The proposal advocated in the preceding Commentary by Willett et al.1, namely to extend existing cohort studies rather than start a new large-scale prospective study from scratch, has many merits. Indeed, a US National Institutes of Health (NIH) study group that assessed the pros and cons of various models in 2004 considered this option in some depth, and their report2 made many of the same points.

Certainly, assembling existing cohorts into a large consortium would provide a powerful resource for investigating genetic and environmental factors in health and disease. The argument that this method is likely to be less costly than a new cohort, and would yield results more quickly, carry considerable weight. But Willett et al. do not address all of the suboptimal aspects of this approach. Those should be clearly noted, lest expectations of such a consortium exceed what it is likely to deliver.

First, there is the issue of standardization. Phenotypic measures used by the existing cohorts, although standardized within cohorts, have not followed uniform procedures across studies, and so there will be significant challenges to merging data from different studies in a valid way. Moreover, key environmental exposures or risk factors will almost certainly differ systematically across cohorts. Combining studies that were focused on specific population subgroups will therefore introduce biases that can be corrected only by limiting the analysis to the lowest common denominator of valid, unbiased exposures.

Second, the reliance on legacy studies fails to take advantage of new tools for measuring dietary intake, physical activity and environmental exposures (as are now being supported through the NIH Genes and Environment Initiative3), because many of these measurements — such as precise ambulatory data — cannot be made on stored biospecimens.

Third, representation has been a major concern driving the national cohort proposal. Despite recent attempts to improve representation of minorities and socioeconomically disadvantaged participants in newer cohorts, the proportions are still far below their representation in the US population. There is also substantial under-representation among men and participants from the south, as well as those with lower levels of education, although these might be addressed somewhat by statistical adjustments.

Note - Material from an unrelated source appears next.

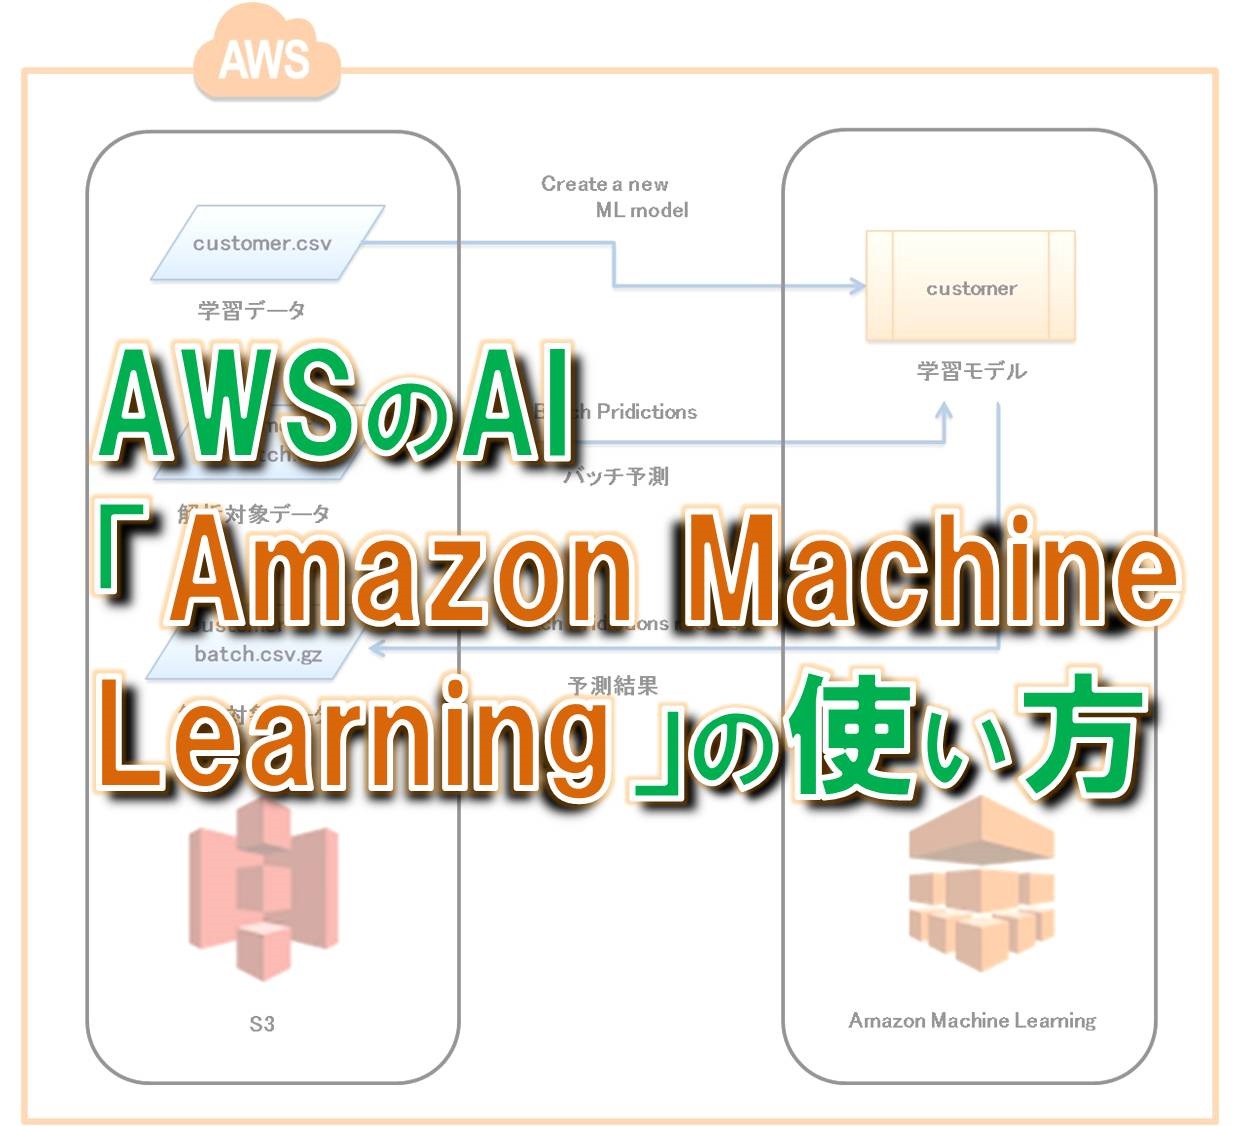 AWSの人工知能アプリケーション「Amazon Machine Learning」の使い方

Fourth, under-representation of people younger than the age of 50 is substantial in these existing cohorts (see Figure) and will only get worse with time. If we wish to address complex disease risk across lifespan, we need to study diseases developing in adolescence and young adulthood, such as asthma, autoimmune disease and major psychoses. Even the investigation of mid-life diseases would be limited by lack of stored biospecimens in earlier life.

Figure 1
figure 1


Comparison of an estimated distribution of a 500,000-person cohort based on existing cohort data2, with the 2000 US census.

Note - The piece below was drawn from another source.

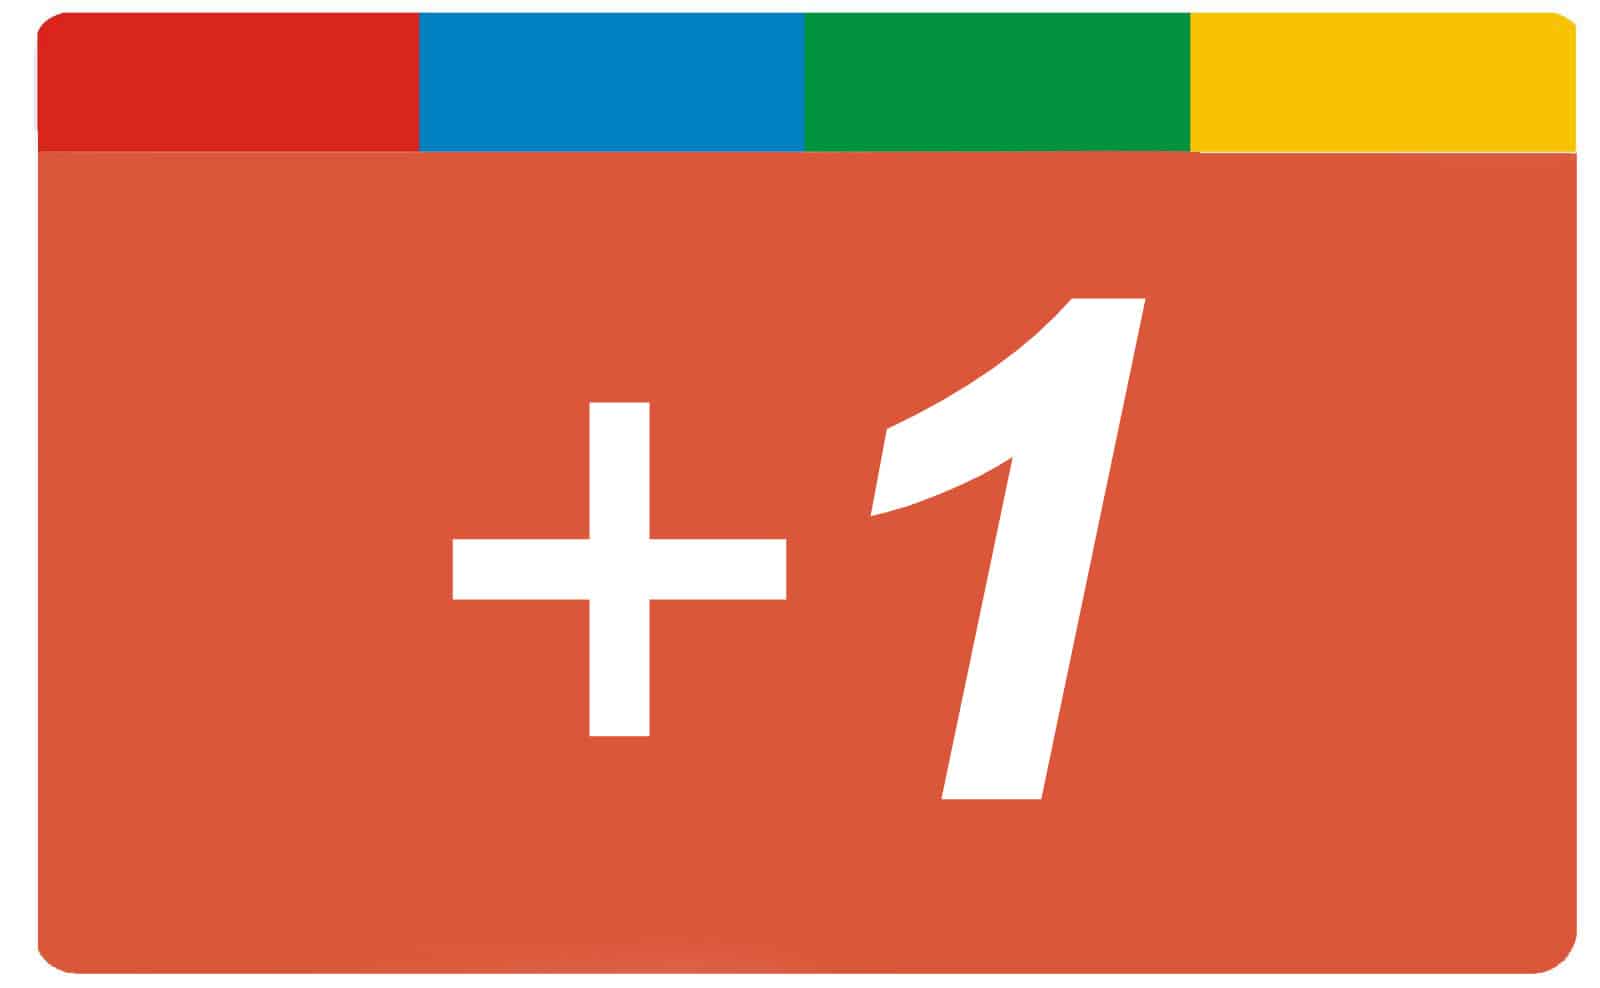 Matt Cutts: Google +1s Have No Affect on Rankings

Finally, the full value of a large-scale cohort study will depend on free and open access to the data by all qualified investigators. This may be difficult to achieve with a combination of existing cohorts, given the expectations of current investigators about control of the data, and consent limitations by existing study participants.

More ways than one

There is no question that a new cohort study would require many years to implement and to generate results, although useful findings would be available on more common diseases within five years of cohort recruitment4. We agree with Willett et al., therefore, that it is reasonable in the interim to seek ways to form consortia of existing studies. But these two models need not be thought of as mutually exclusive.

We must also recognize that environmental exposures (including emerging infections) and preventive or therapeutic interventions will probably change dramatically in the next two decades. Limiting our research enterprise to the exclusive study of existing cohorts, especially without collection of new risk information and recruitment of participants under-represented in existing studies, may ultimately jeopardize our ability to address these evolving health risks in an epidemiologically rigorous manner.

Admittedly, this discussion remains hypothetical, because serious budgetary challenges make a new national cohort an unlikely prospect at the present time. Some may wonder whether the United States can afford both an expansion of existing cohorts and a new national cohort. We believe the real question is whether it can afford not to do both, given the enormous and growing healthcare costs of complex diseases. Finding the genetic causes of even one of these diseases could potentially save billions of dollars in medical costs if appropriate preventive interventions can be developed. Despite the fiscal realities, therefore, we must continue to make the case both for a merging of cohorts now, and the founding of a more rigorously designed national cohort in the future when funds are available. Although recognizing the massive uncertainties in budget situations and priorities, we believe that future generations will wonder why we didn't try as hard as possible to get both of these kinds of studies underway.